- Location of Bahar County in Hamadan province (center, pink)
- Location of Hamadan province in Iran
- Coordinates: 34°57′N 48°26′E﻿ / ﻿34.950°N 48.433°E
- Country: Iran
- Province: Hamadan
- Established: 1993
- Capital: Bahar
- Districts: Central, Lalejin, Salehabad

Population (2016)
- • Total: 119,082
- Time zone: UTC+3:30 (IRST)

= Bahar County =

County in Hamadan province, Iran

Bahar County (شهرستان بهار) is in Hamadan province, Iran.
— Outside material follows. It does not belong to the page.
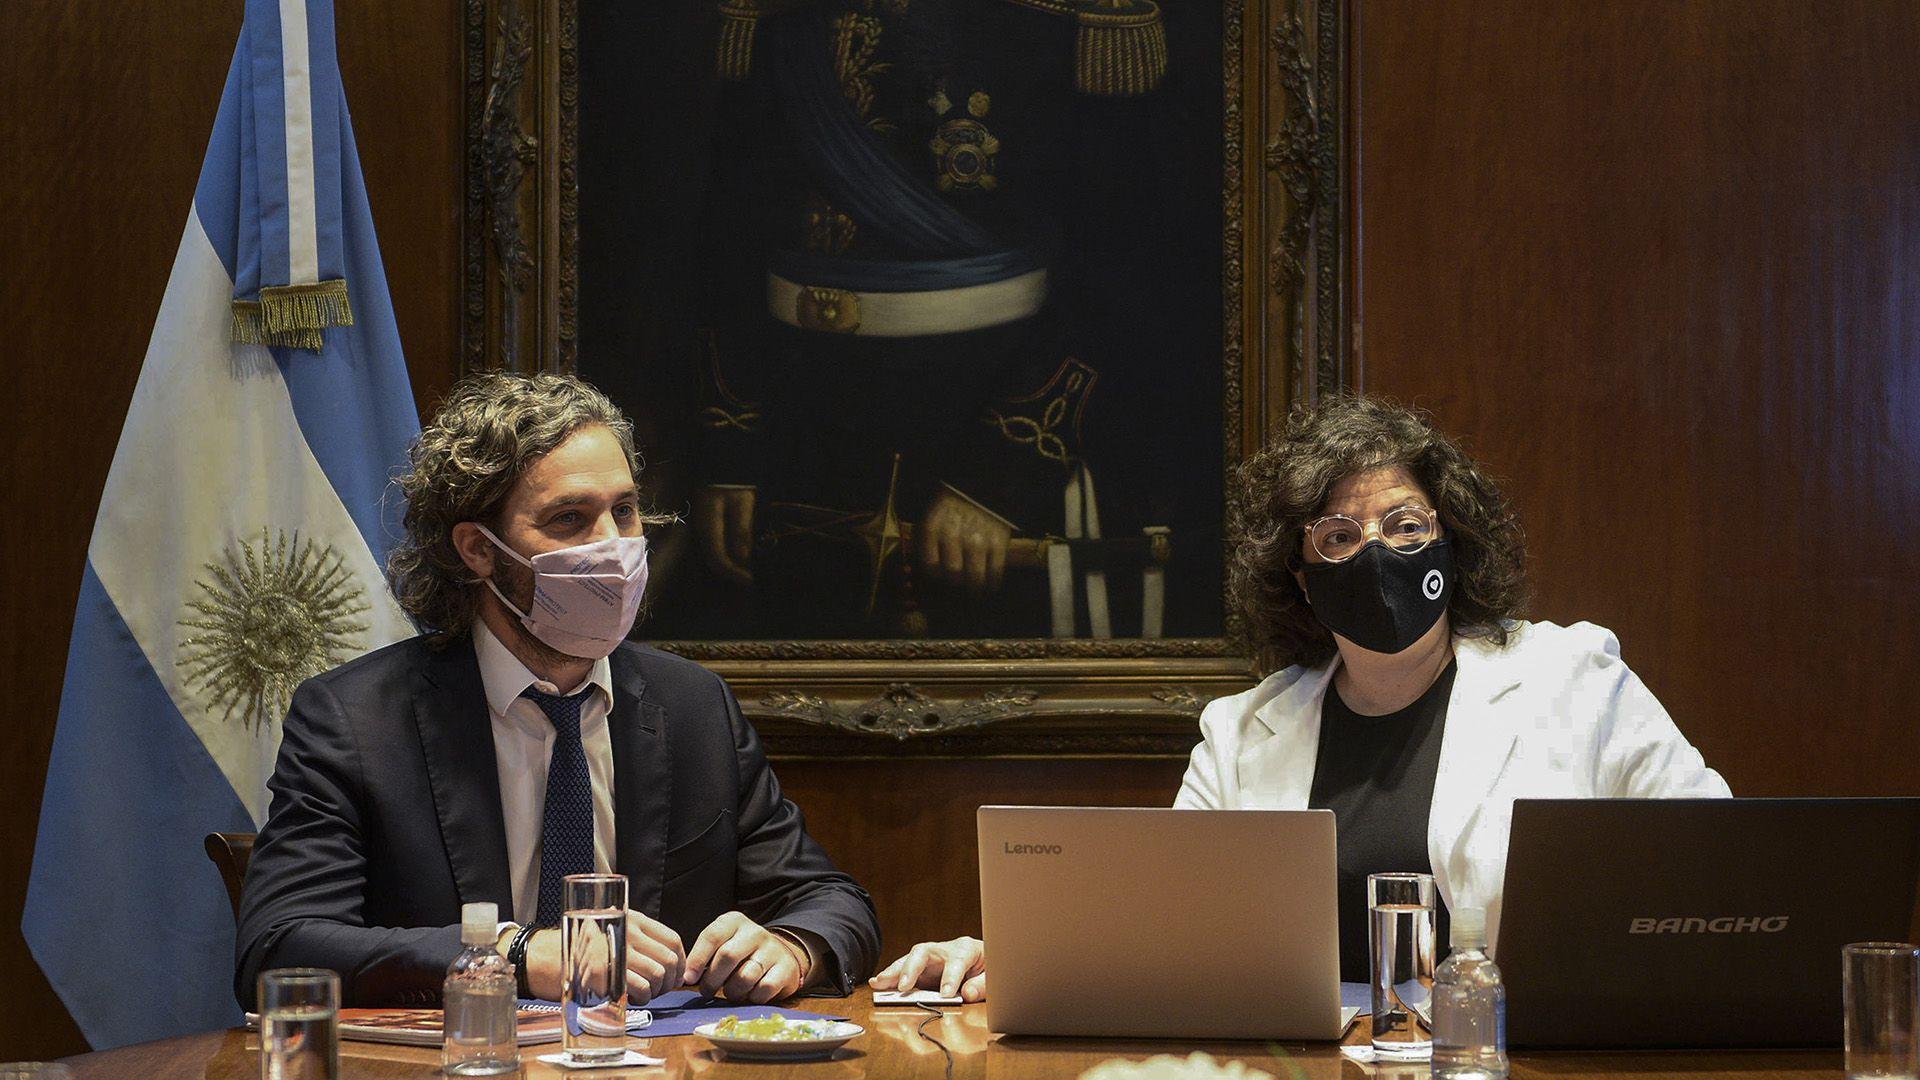 Comenzó la reunión del COFESA con todos los ministros de Salud del país. Participan el jefe de Gabinete, Santiago Cafiero, y la ministra de Salud, Carla Vizzotti

Its capital is the city of Bahar.

==History==
The village of Mohajeran was converted to a city in 2011.

==Demographics==
===Population===
At the time of the 2006 National Census, the county's population was 121,590 in 29,345 households. The following census in 2011 counted 123,869 people in 34,621 households. The 2016 census measured the population of the county as 119,082 in 36,844 households.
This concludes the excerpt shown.